UVALDE, Texas (Border Report) — As the afternoon sun beat down on the town square in Uvalde, Texas, several women, some with children in tow, held signs proclaiming the strengths of their town and urging folks not to forget the sacrifices made here this week.

Ravenn Vasquez, 21, graduated in 2019 from Uvalde High School, the same school that the shooter had attended. He killed 19 children and two adults on Tuesday in what has become the deadliest U.S. school shooting in a decade..

Vasquez held a sign reading, “Uvalde Strong!”

Ravenn Vasquez, 21, of Uvalde, Texas, is interviewed by media on May 25, 2022 in downtown Uvalde. (Sandra Sanchez/Border Report)

“We want everyone to know we’re here for them and we love them,” she told Border Report.

Vasquez said she had maxed out watching updates on TV of the brutal killings.
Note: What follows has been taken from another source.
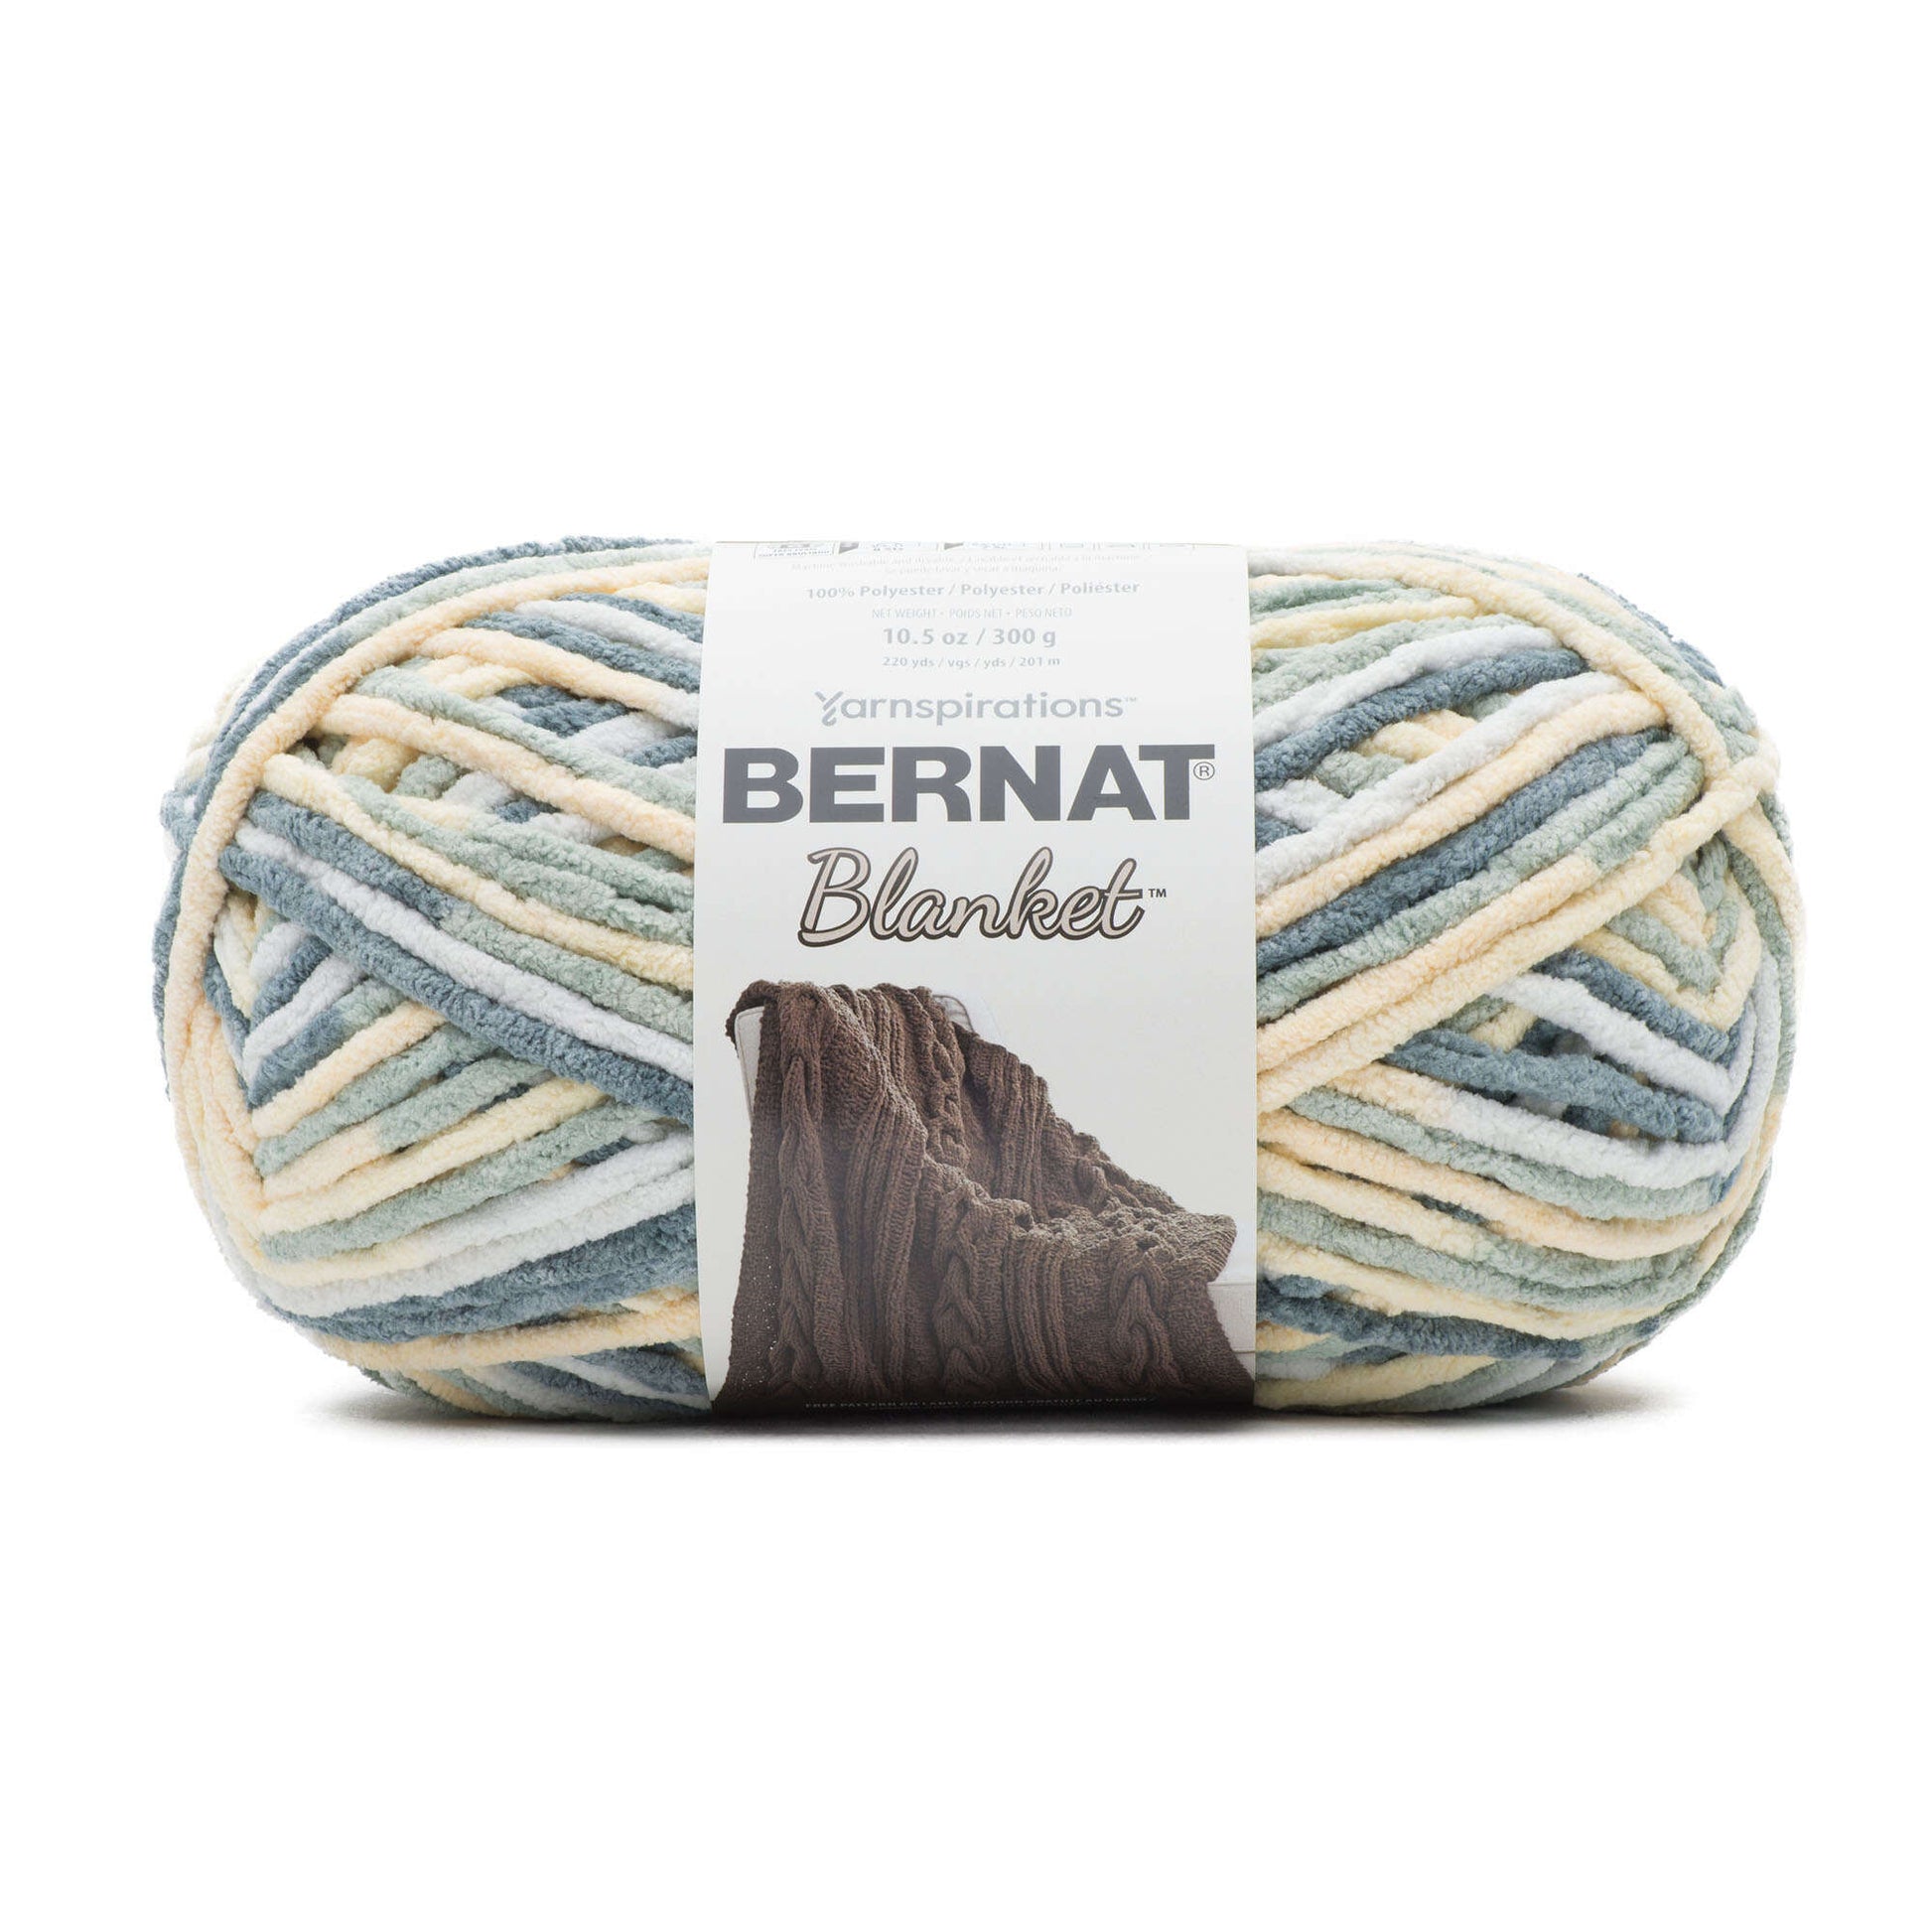 Bernat Blanket Yarn (300g/10.5oz) Soft Sunshine Green
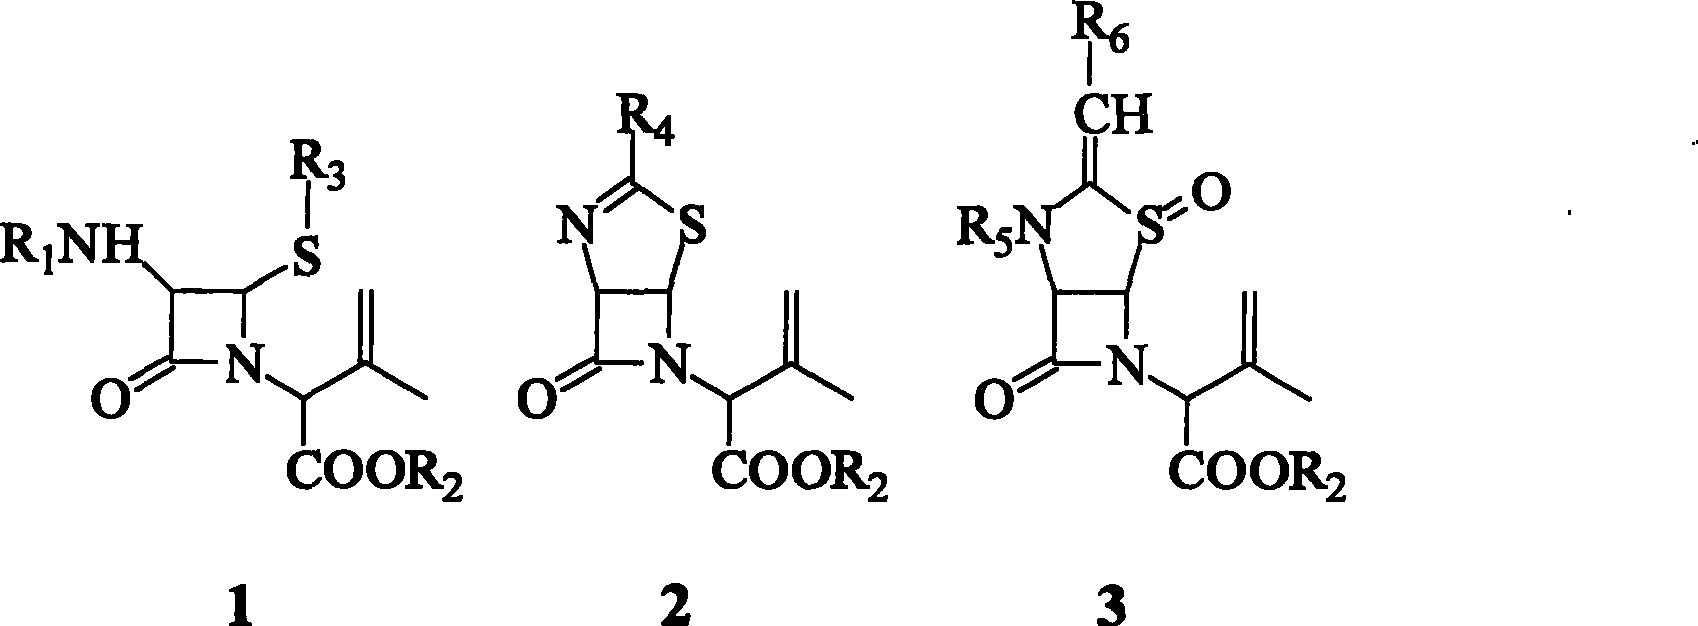 Chloridization method for nitrogen heterocyclic butanone isobutene derivatives

And she wanted to be “a part of the solution.”

“I just wanted to do something and get away from the screen, and show them we care,” she said.

Nearby, Martina Avila, 21, held a sign that read, “Remember Their Names,” in reference to the 19 children and two adults who died here Tuesday at Robb Elementary School.

Her 5-year-old daughter stood in the heat beside her watching as her mother teared up trying to talk.

Martina Avila, 21, of Uvalde and her 5-year-old daughter urge people to remember the victims of Uvalde as she stood in the town’s center park on Wednesday, May 25, 2022. (Sandra Sanchez/Border Report)

“We want a place where we shouldn’t be scared to send our kids to school, to walk inside a classroom,” Avila said.

And she said that begins by not forgetting what has happened here.

“This has happened one too many times. This happens and we’ll be talked about for three or four days and then it’s like everything goes back to normal, nothing changes. Nothing changes. So we need to remember their names and how we are feeling in this moment that way we can do something about it. So this won’t happen again,” she said.